Response to rate control therapy

‘Responders’ were prospectively defined as patients who achieved adequate rate control, meeting the Atrial Fibrillation Follow-up Investigation of Rhythm Management (AFFIRM) study criteria: average HR ≤ 80 beats per minute (bpm) at rest and maximum HR ≤ 110 bpm during a 6-minute or average HR during 24-h ambulatory Holter monitoring (ECG) ≤100 beats/min (at least 18 h of interpretable monitoring) and no HR >110% maximum predicted age-adjusted exercise HR (13). ‘Non-responders’ were patients who failed to meet the AFFIRM criteria necessitating addition of an anti-arrhythmic drug (AAD) or non-pharmacologic therapies such as AV node ablation and pacemaker implantation in 6 months from study entry.

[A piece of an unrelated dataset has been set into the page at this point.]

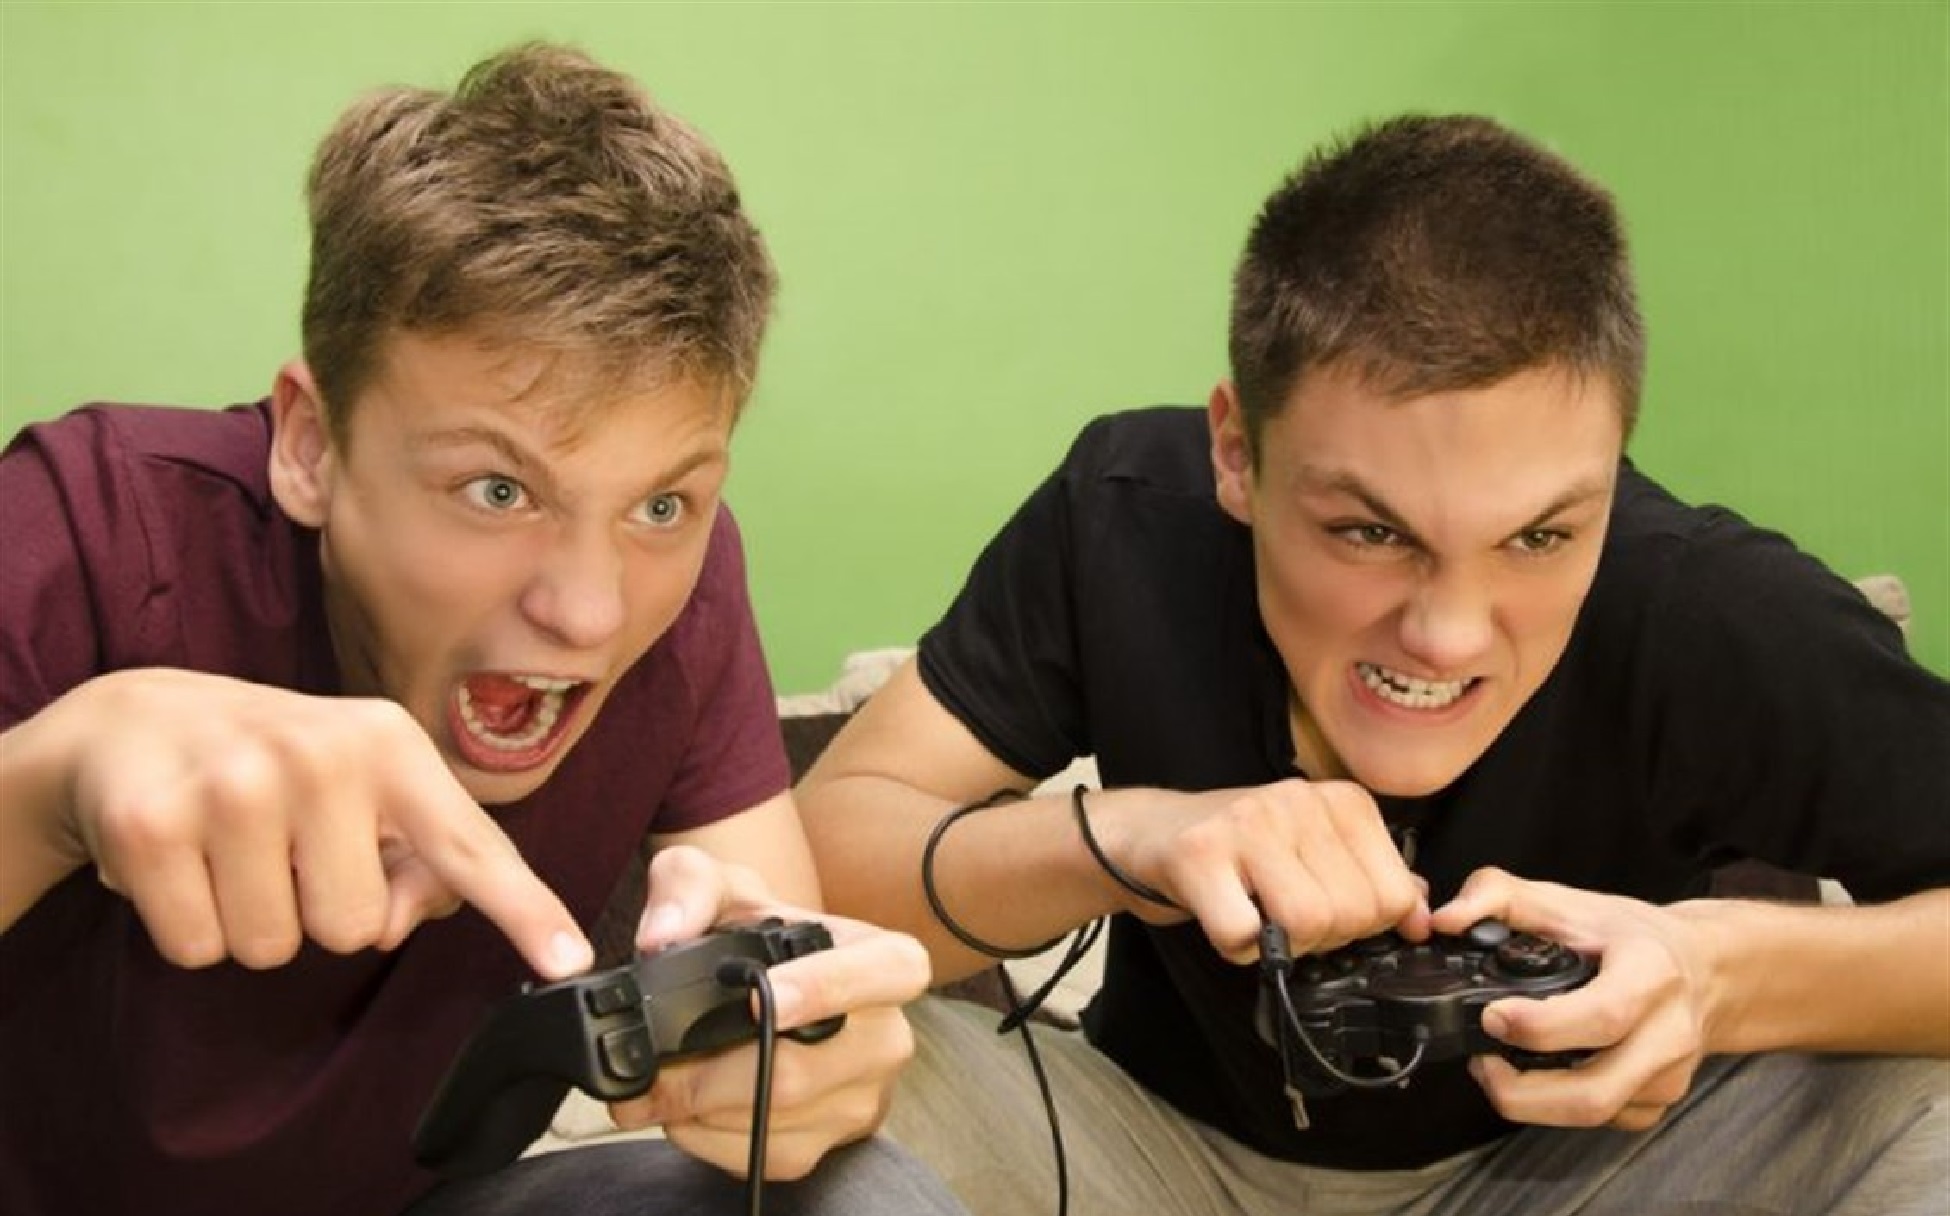 Компьютерные игры группа. Влияние компьютерных игр на агрессивность. Злой подросток. Дети играющие в компьютерные игры. Агрессия из за компьютерных игр.

Determination of β1-AR genotypes

ADRB1 genotyping for the Arg389Gly and Ser49Gly variants was performed by laboratory personnel who had no knowledge of the response to rate control therapy. Genomic deoxyribonucleic acid was isolated from whole blood by a commercial kit (Purgene; Gentra Systems, Minneapolis, MN). Genotyping was performed for rs1801252 C>G (Ser49Gly) and rs1801253 A>T (Arg389Gly) using a TaqMan assay (Applied Biosystems, Inc., Foster City, CA) as previously described (14).

Statistical analysis

All data are expressed as mean ± standard deviation. Chi-square analysis or Fisher exact test was performed on discrete variables and Mann-Whitney U test on continuous variables. After applying quality control criteria to the genotypic data, Hardy Weinberg equilibrium was assessed. Due to expected low numbers, homozygous variants (Gly49 and Gly389) were pooled with respective heterozygous variants to formulate a cumulative group of carriers of minor allele, which were defined a priori. Logistic regression with dominant, additive and recessive modeling was performed on response to therapy and ADRB1 polymorphisms to determine odds ratio (OR) and adjusted for age and gender. Statistical significance was defined as a two sided P<0.05. Statistical analysis was performed with PLINK and PASW Statistics software (version 18.0.0).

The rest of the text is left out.